Шрифт:
Интервал:
Закладка:
Старший инструктор хотел было назначить повторную врачебную комиссию, но передумал – побоялся ответной волны, отката. Единственное, чего ему удалось добиться, так это выговора – Кацубе объявили выговор за неосторожное обращение с оружием.

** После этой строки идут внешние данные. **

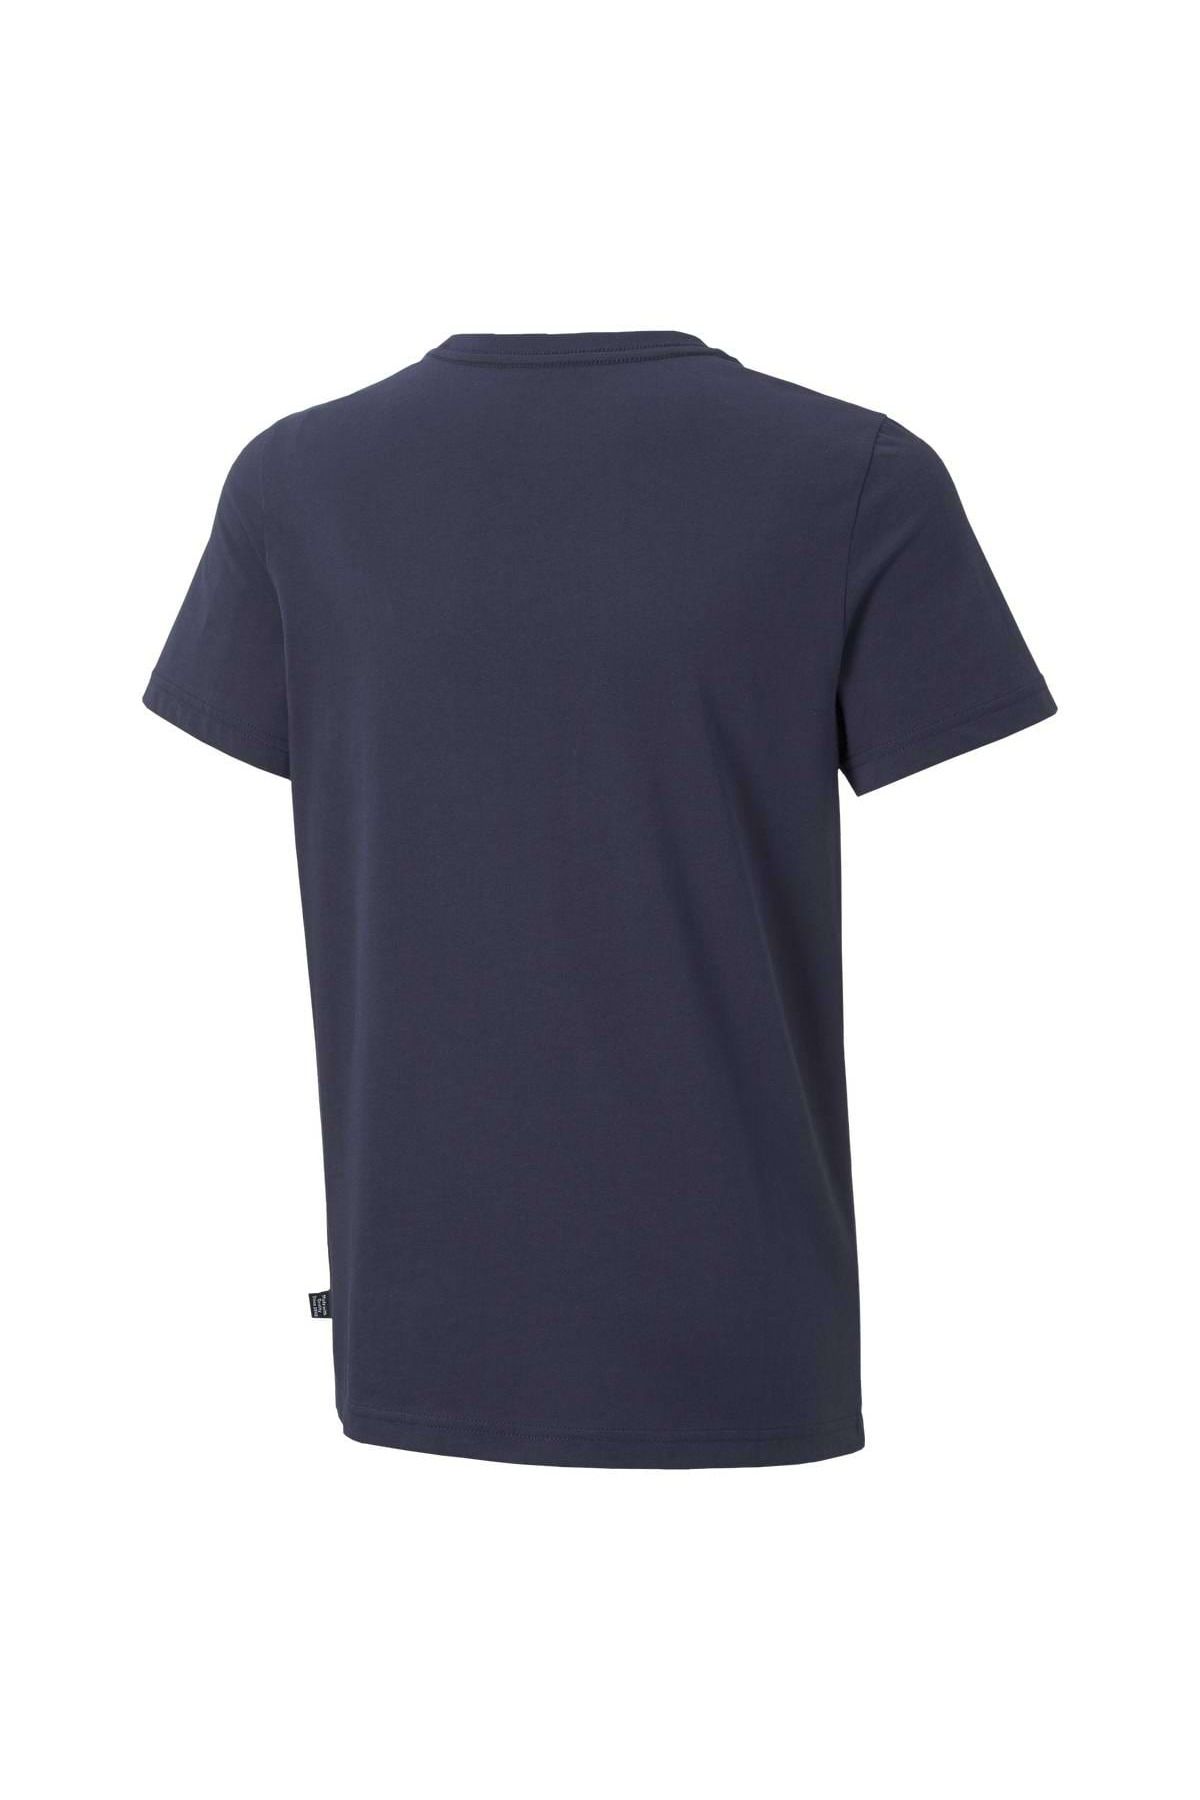 Puma Jungen T-Shirt 2 Logo - ESS+ Kurzarm, uni Col Trendyol Tee, Rundhals, 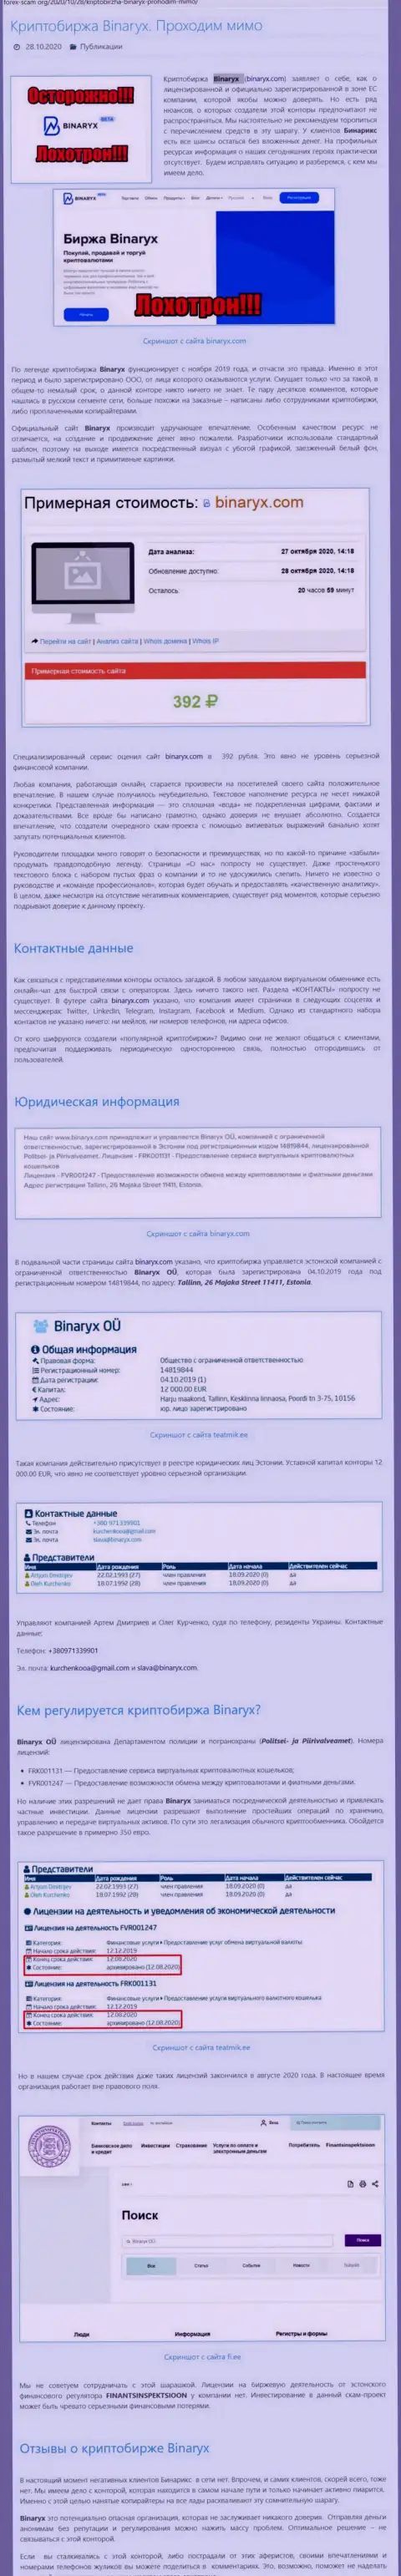 Binaryx Com - это МОШЕННИКИ !!! Кража денежных средств гарантируют (обзор мошеннических действий конторы)

Поскольку расследование происходило прямо на заставе (хабаровский гость тут и жил, от дома в Покровке отказался), комиссар отряда проводил проверяющего до ворот, усадил в автомобиль и прощально помахал рукой:
– Бай-бай! – и добавил, иронично хмыкнув: – Искатель черных кошек в темной комнате!
На повороте автомобиль занесло, он забуксовал, вышиб из-под колес длинную струю отвердевшего снега, задавленно крякнул клаксоном и понесся по обледенелой дороге, направляясь к Покровке, оттуда – по большаку к Уссурийску.
– Бай-бай, – повторил комиссар, продолжая ухмыляться, – спеши, спеши, товарищ, иначе к поезду опоздаешь.
Через несколько минут автомобиль исчез. Инспекция закончилась.
Хватуниха тоже осталась недовольна результатами инспекции и устроила по этому поводу разборку своему мужу.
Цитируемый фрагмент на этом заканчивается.